## Aim of the task
Search the records for the word "Shirt" and copy every line in which it occurs.

## Raw data
--- START ---
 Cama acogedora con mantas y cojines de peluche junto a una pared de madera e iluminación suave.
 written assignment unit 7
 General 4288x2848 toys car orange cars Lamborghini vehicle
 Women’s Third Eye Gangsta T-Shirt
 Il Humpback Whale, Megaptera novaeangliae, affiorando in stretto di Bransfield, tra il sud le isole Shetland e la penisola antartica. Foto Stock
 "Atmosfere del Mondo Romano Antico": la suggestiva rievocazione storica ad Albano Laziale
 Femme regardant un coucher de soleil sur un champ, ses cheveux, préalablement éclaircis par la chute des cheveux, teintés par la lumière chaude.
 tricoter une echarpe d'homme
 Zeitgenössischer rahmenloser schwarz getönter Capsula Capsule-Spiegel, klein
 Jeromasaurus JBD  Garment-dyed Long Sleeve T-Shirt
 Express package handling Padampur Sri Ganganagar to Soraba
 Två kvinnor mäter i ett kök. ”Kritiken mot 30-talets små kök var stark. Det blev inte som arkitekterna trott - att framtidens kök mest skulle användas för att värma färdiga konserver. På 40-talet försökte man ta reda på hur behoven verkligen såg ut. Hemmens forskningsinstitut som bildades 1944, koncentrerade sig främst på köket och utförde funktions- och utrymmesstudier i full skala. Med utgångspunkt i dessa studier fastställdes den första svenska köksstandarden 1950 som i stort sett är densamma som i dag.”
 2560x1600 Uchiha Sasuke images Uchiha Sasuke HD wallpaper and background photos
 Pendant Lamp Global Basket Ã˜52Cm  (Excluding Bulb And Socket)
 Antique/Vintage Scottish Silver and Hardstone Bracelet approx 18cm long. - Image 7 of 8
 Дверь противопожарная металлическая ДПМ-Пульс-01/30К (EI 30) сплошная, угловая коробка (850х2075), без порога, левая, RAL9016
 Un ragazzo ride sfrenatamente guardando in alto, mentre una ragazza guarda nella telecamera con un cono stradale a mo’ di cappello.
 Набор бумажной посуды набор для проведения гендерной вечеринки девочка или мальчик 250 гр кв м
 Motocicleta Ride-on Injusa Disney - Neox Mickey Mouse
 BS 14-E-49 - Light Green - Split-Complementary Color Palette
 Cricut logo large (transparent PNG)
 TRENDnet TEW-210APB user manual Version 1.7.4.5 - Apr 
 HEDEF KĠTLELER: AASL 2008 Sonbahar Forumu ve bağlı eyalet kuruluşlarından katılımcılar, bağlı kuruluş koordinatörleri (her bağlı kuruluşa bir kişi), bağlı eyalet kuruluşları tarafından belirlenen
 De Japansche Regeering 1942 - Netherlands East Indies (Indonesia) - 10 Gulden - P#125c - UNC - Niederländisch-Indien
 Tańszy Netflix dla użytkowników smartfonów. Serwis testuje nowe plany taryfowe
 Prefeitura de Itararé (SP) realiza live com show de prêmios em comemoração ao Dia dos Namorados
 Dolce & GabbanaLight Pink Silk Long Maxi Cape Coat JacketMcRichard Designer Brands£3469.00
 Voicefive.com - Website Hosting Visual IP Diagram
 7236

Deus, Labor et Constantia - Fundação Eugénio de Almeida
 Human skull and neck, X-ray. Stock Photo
--- END ---
## Output for this exercise
 Women’s Third Eye Gangsta T-Shirt
 Jeromasaurus JBD  Garment-dyed Long Sleeve T-Shirt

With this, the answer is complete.